| GIVEN DATA |
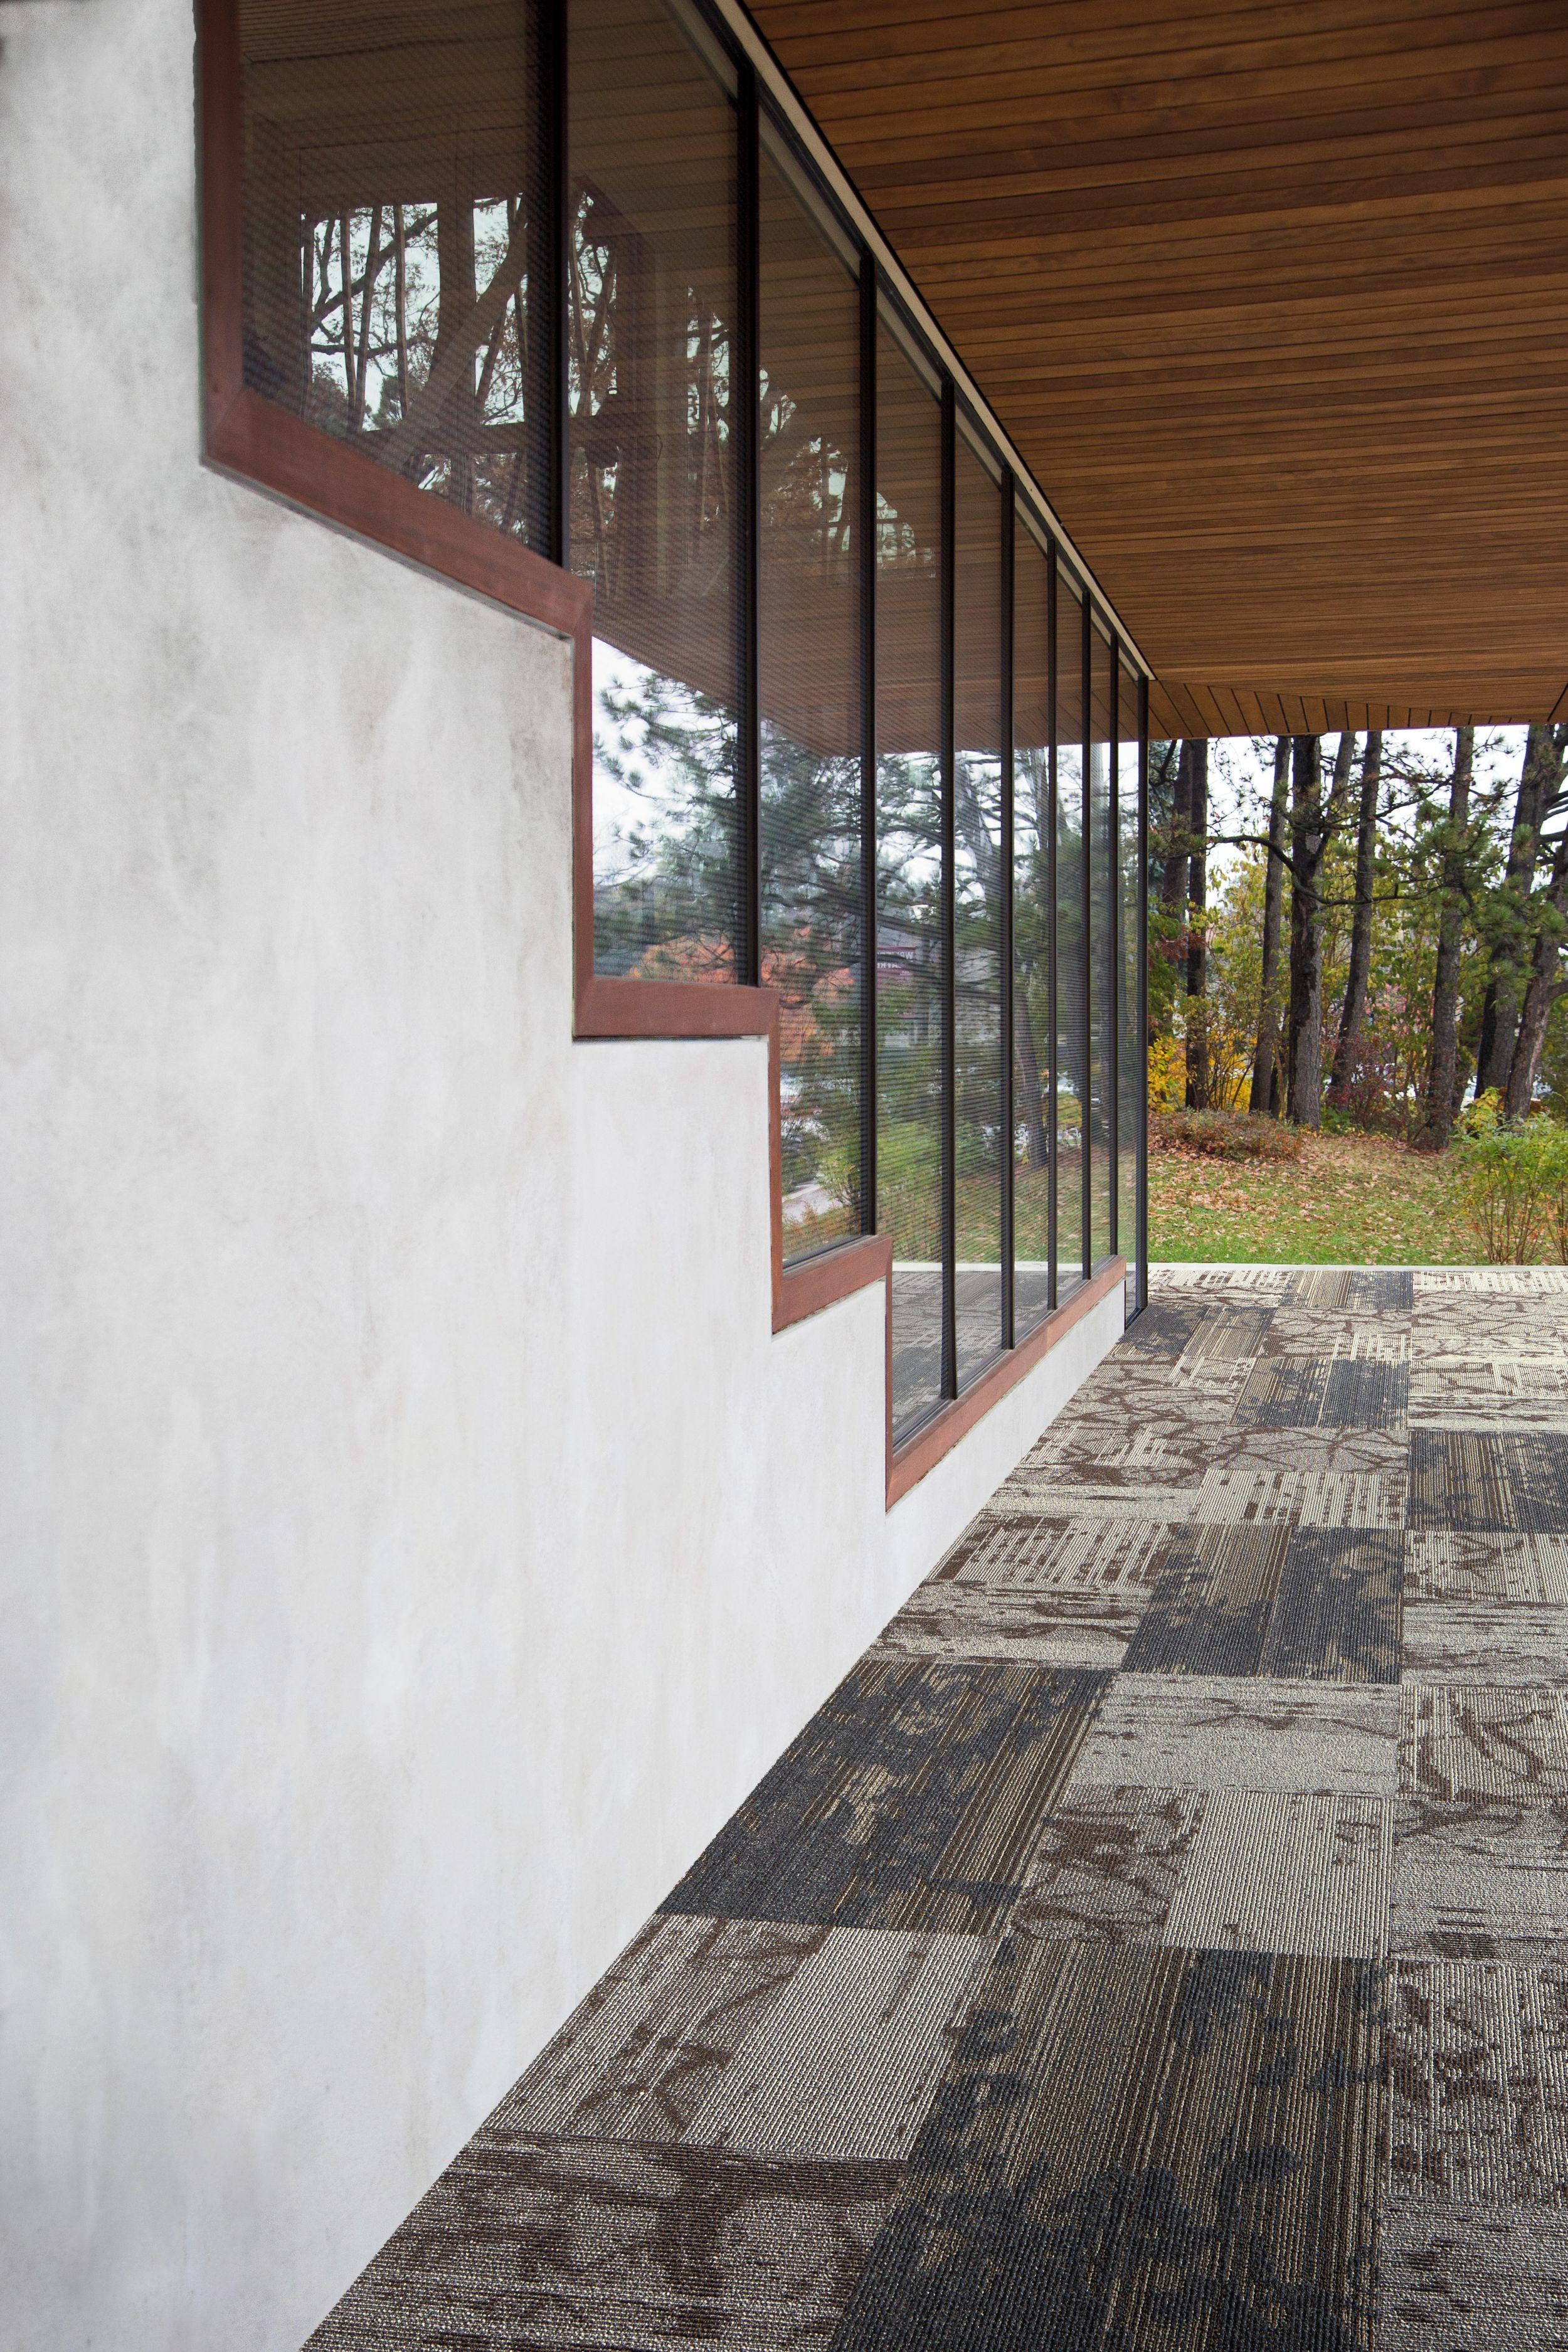 Interface Glazing and Ground plank carpet tile shown for inspiration in outdoor setting image number 10
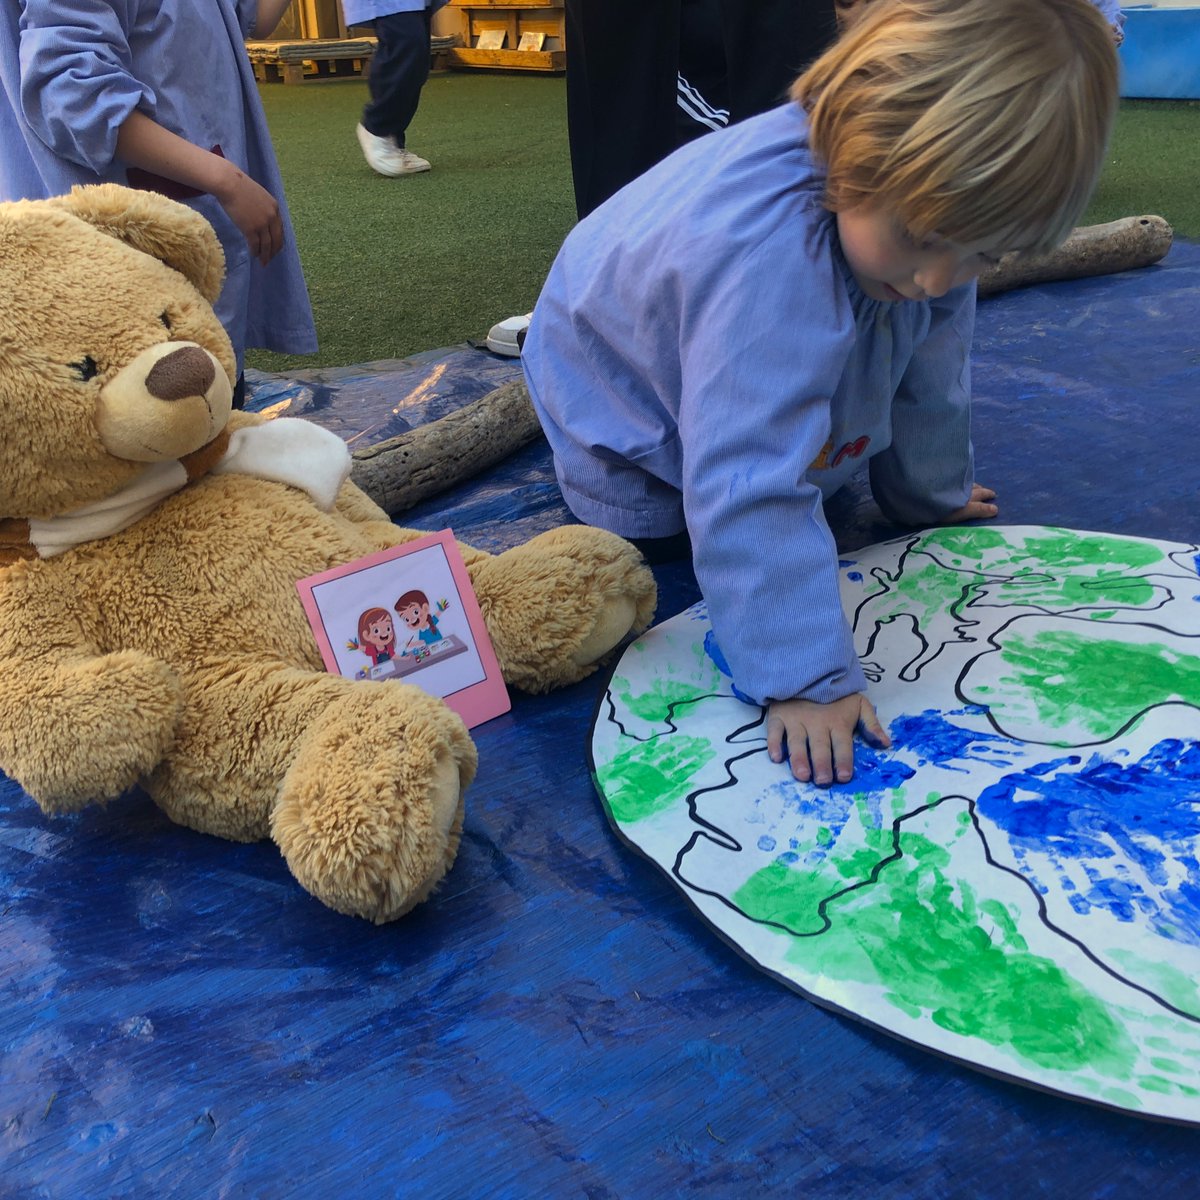 'Our youngest learners are diving into a project on children's rights, guided by @EducemGran students! Last week, they welcomed Lina, the teddy bear, on their journey. Exploring UNICEF Article 31, they painted the world with their hands! #UNICEF #rightsrespectingschool
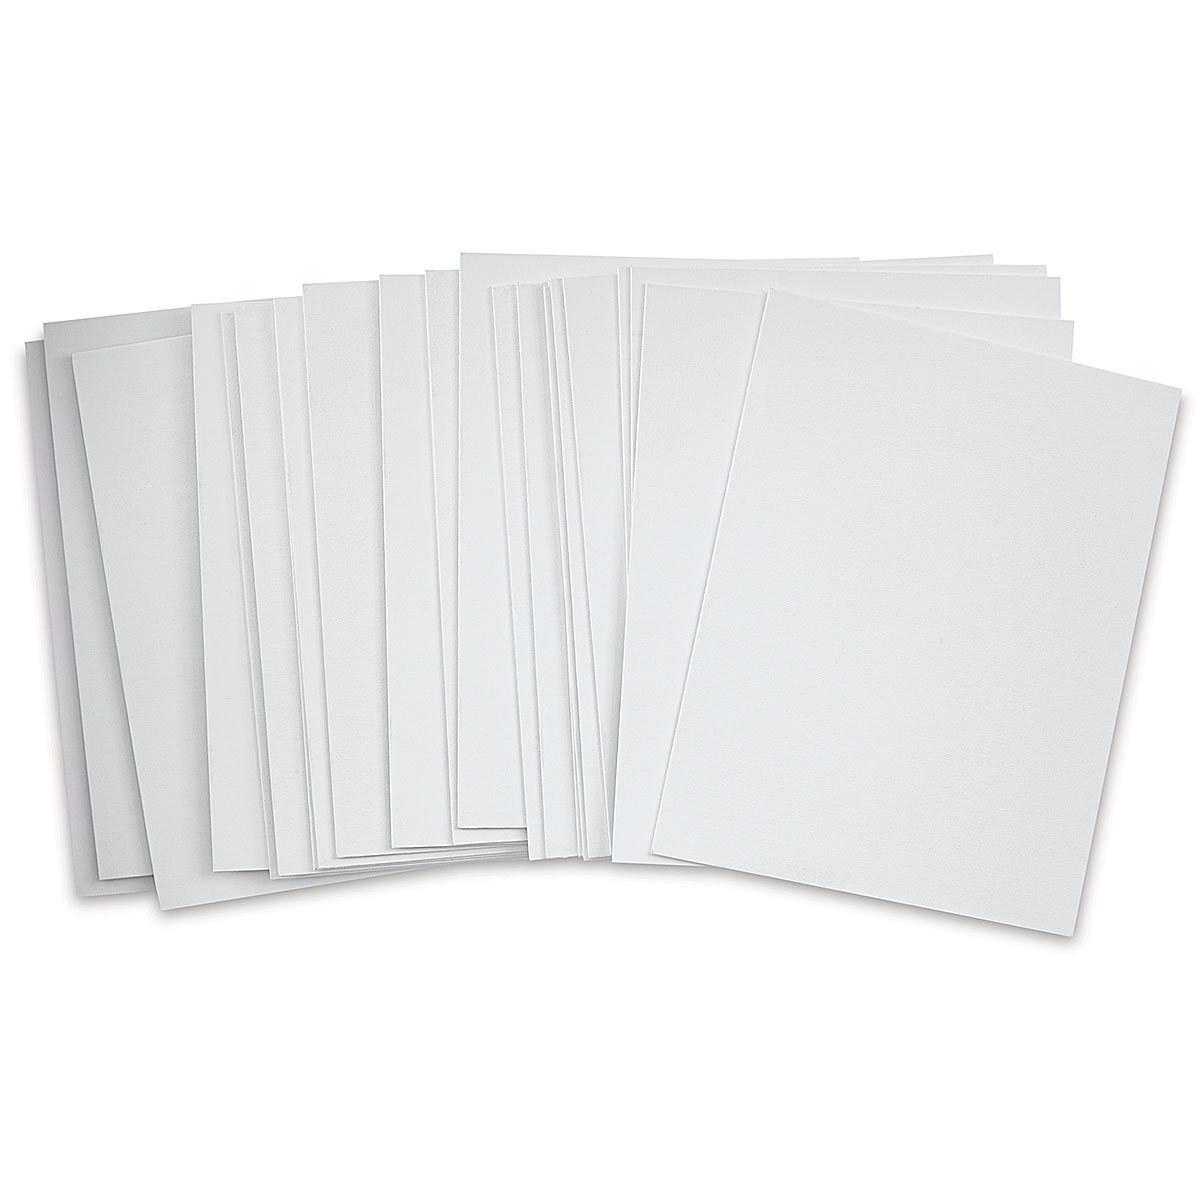 Sax Genuine Canvas Panel Classroom Pack, 14 x 18 Inches, White, Pack of 36

| BRIEF |
Copy every line of the listing above exactly. Leave each picture out.

| RESPONSE AREA |
 Interface Glazing and Ground plank carpet tile shown for inspiration in outdoor setting image number 10
 'Our youngest learners are diving into a project on children's rights, guided by @EducemGran students! Last week, they welcomed Lina, the teddy bear, on their journey. Exploring UNICEF Article 31, they painted the world with their hands! #UNICEF #rightsrespectingschool
 Sax Genuine Canvas Panel Classroom Pack, 14 x 18 Inches, White, Pack of 36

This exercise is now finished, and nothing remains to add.